Rz: Zgromadzenie Ogólne sędziów Sądu Najwyższego zwołuje nadzwyczajne posiedzenie. Powód?
Michał Laskowski, sędzia SN: To inicjatywa jednego z sędziów. Większość ją poparła. A powód? Chyba wszyscy wiedzą. Nadzwyczajne wydarzenia ostatnich miesięcy i doniesienia „Rzeczpospolitej" o planowanych zmianach w wymiarze sprawiedliwości i Sądzie Najwyższym.

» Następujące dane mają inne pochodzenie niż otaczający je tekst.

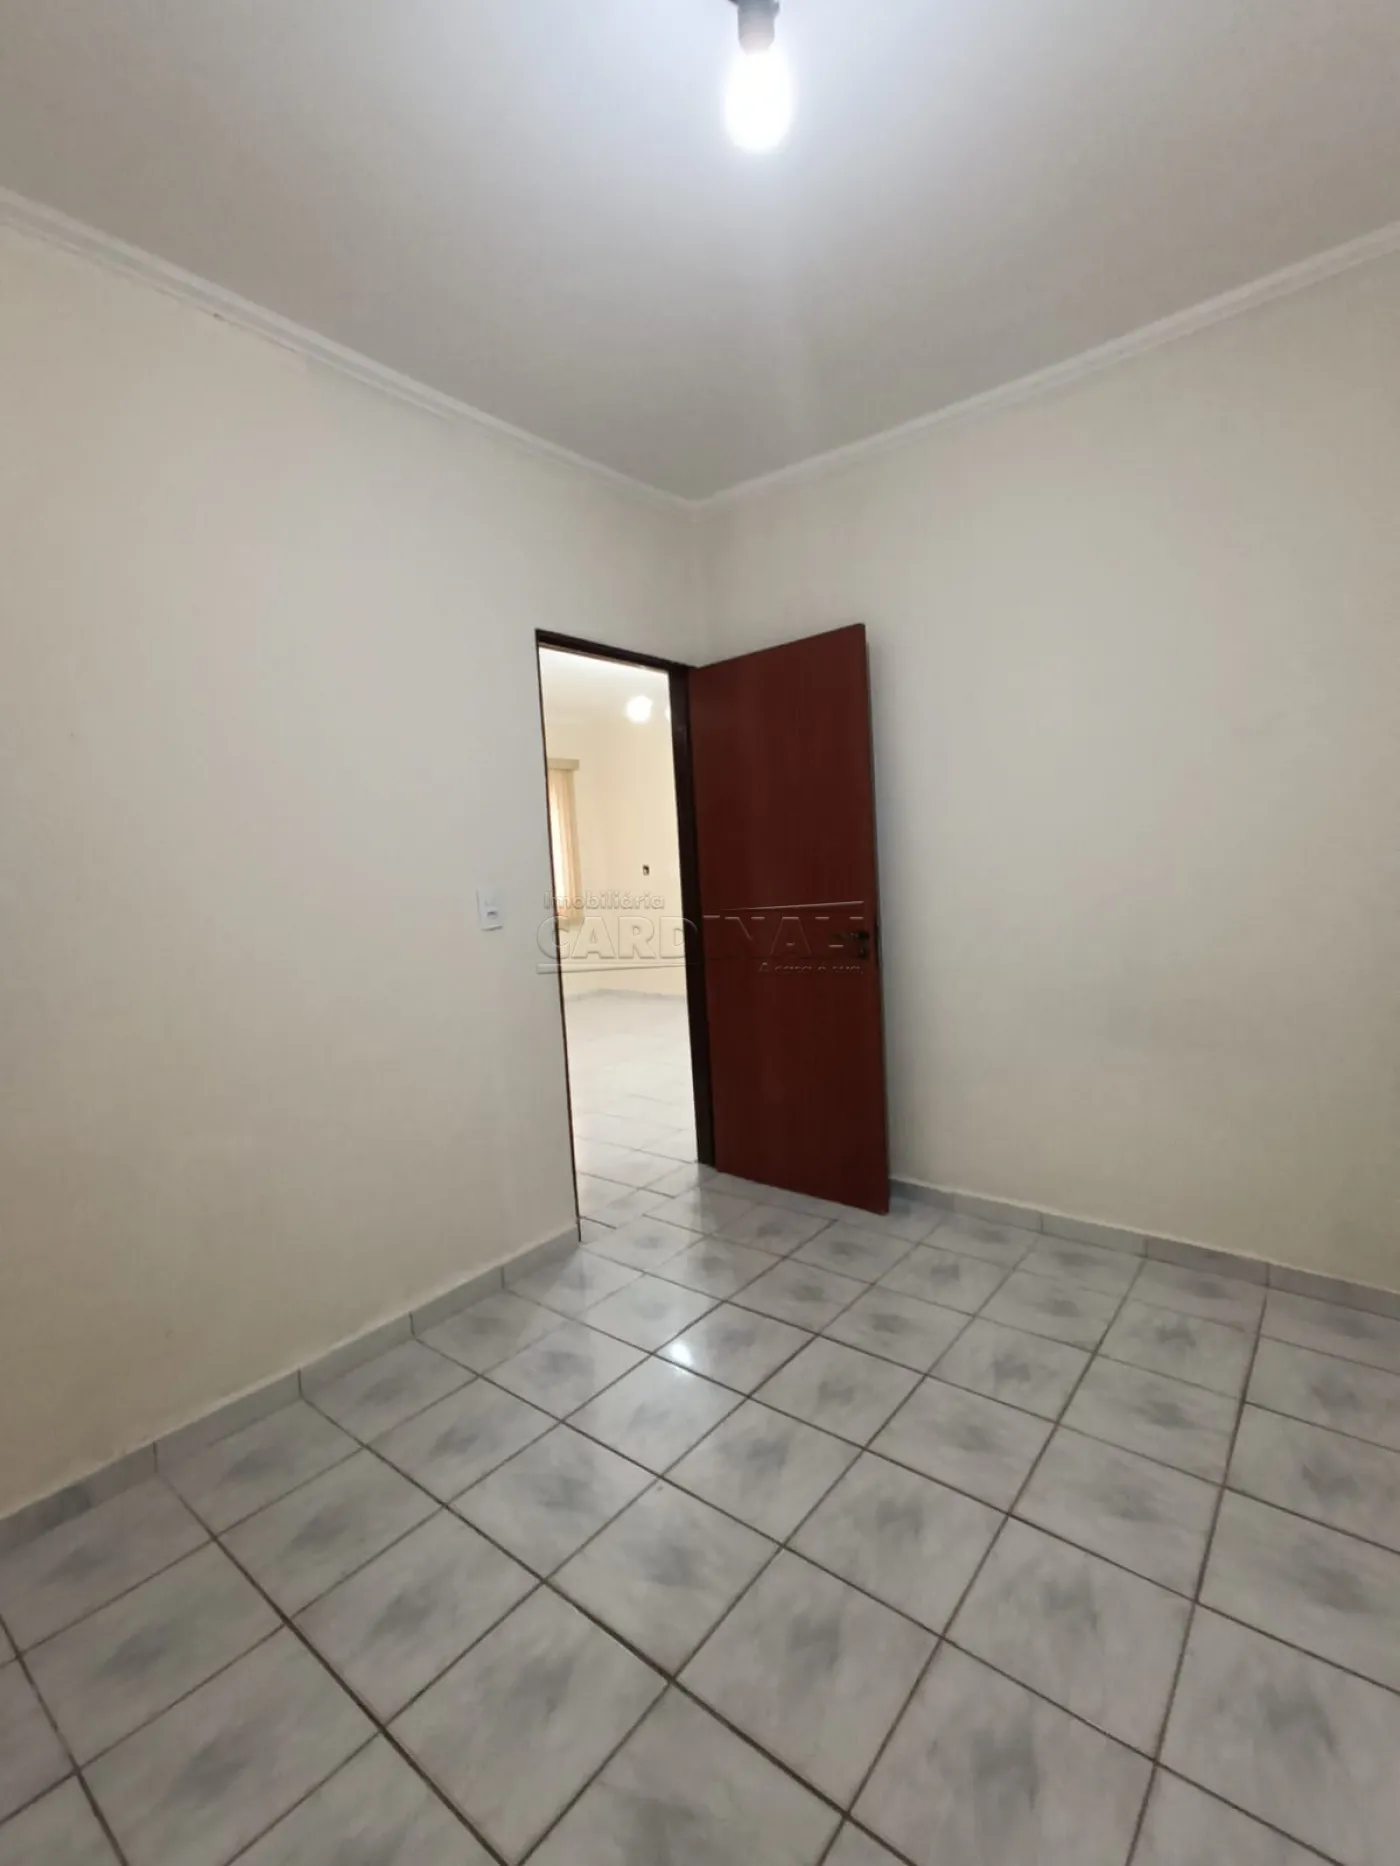 Alugar Apartamento / Padrão em São Carlos R$ 850,00 - Foto 7

16 maja, na kiedy to zaplanowano nadzwyczajne posiedzenie, jest datą przypadkową? To cztery dni przed Kongresem Prawników Polskich, który odbędzie się w Katowicach. Temat spotkania w Katowicach jest identyczny. Nie lepiej było zjednoczyć siły? A może SN poczuł się pominięty i stąd pomysł na konkurencyjne spotkanie?
Popieramy ideę Kongresu. Podjęliśmy nawet w tej sprawie stosowną uchwałę. Nie chcieliśmy nikogo wyprzedzać. Z sędziami Sądu Najwyższego niełatwo ustalić dogodny dla wszystkich termin. 16 maja był najszybszym z możliwych. A nie ukrywam, że zależało nam na szybkim terminie. Wprawdzie 30 maja mamy Zgromadzenie Ogólne, ale ono ma zupełnie inny, uroczysty charakter. Poświęcone jest sprawozdaniu z działalności za 2016 r. To nie jest czas na takie dyskusje.
Czy wybiera się pan na Kongres Prawników do Katowic?